De invloed van vocht en een corrosieve omgeving op de isolatie van draden verslechtert de toestand ervan aanzienlijk door het verschijnen van oppervlaktelekkage. De resulterende warmte verdampt de vloeistof en laat sporen van zout achter op de isolatie. Wanneer de verdamping stopt, verdwijnt de lekstroom. Bij herhaalde blootstelling aan vocht wordt het proces herhaald, maar door een toename van de zoutconcentratie neemt de geleidbaarheid zo sterk toe dat de lekstroom niet stopt, zelfs niet na het einde van de verdamping. Bovendien verschijnen er kleine vonken. Vervolgens, onder invloed van de lekstroom, verkoolt de isolatie, verliest zijn sterkte, wat kan leiden tot het verschijnen van een lokale boogvormige oppervlakteontlading die de isolatie kan ontsteken.

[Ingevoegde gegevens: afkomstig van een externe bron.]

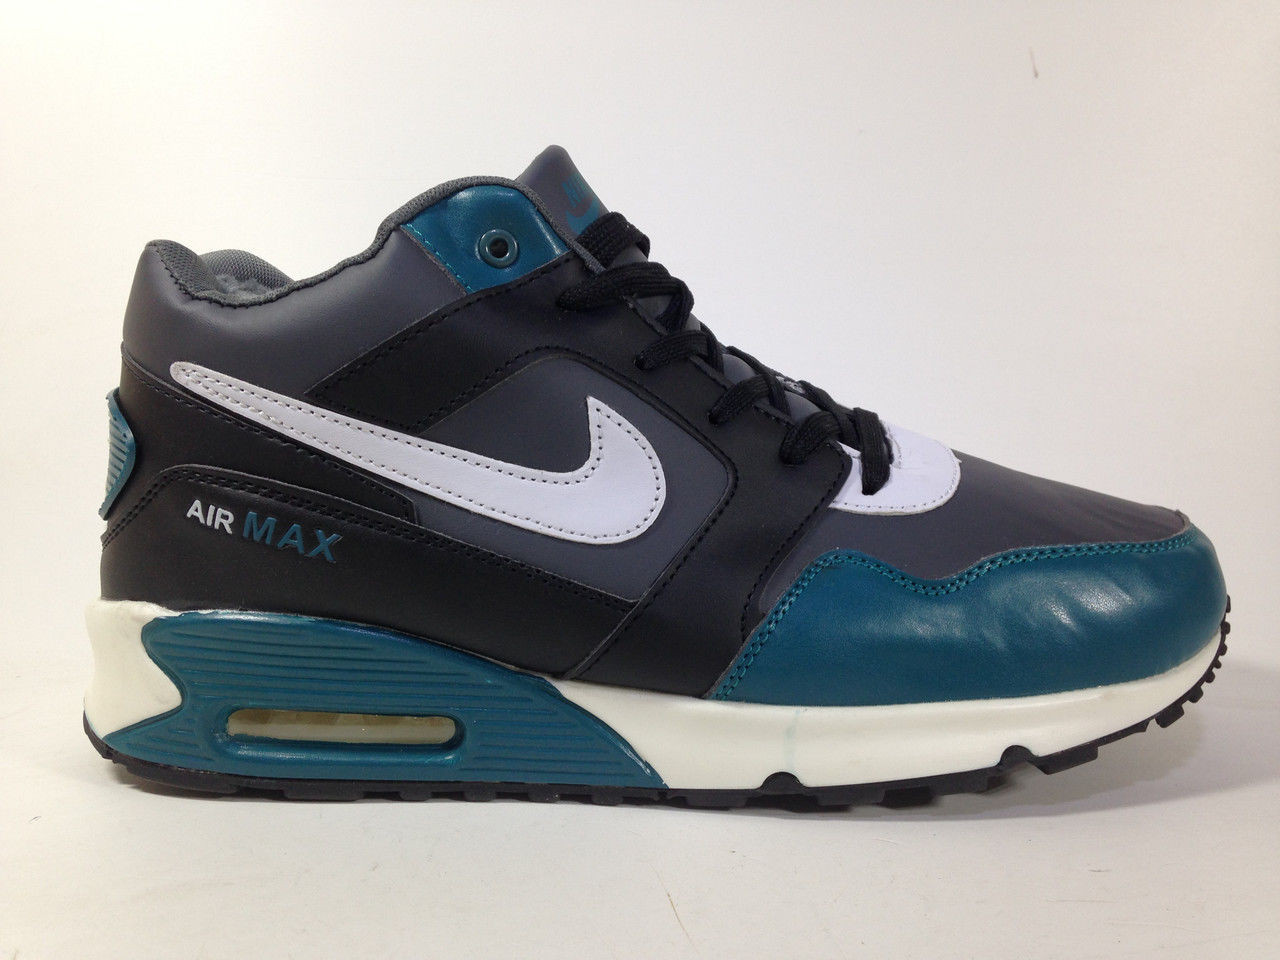 Зимние кроссовки Nike Air Max на меху 46 размер (29,5 см) (реплика)

Het gevaar van kortsluiting in elektrische draden wordt gekenmerkt door de volgende mogelijke manifestaties van elektrische stroom: ontsteking van de isolatie van draden en omringende brandbare voorwerpen en stoffen; het vermogen van de isolatie van de draden om verbranding te verspreiden wanneer ze worden ontstoken door externe ontstekingsbronnen; de vorming van gesmolten metaaldeeltjes tijdens een kortsluiting, waarbij de omringende brandbare materialen worden ontstoken (de expansiesnelheid van gesmolten metaaldeeltjes kan 11 m / s bereiken en hun temperatuur is 2050-2700 ° C).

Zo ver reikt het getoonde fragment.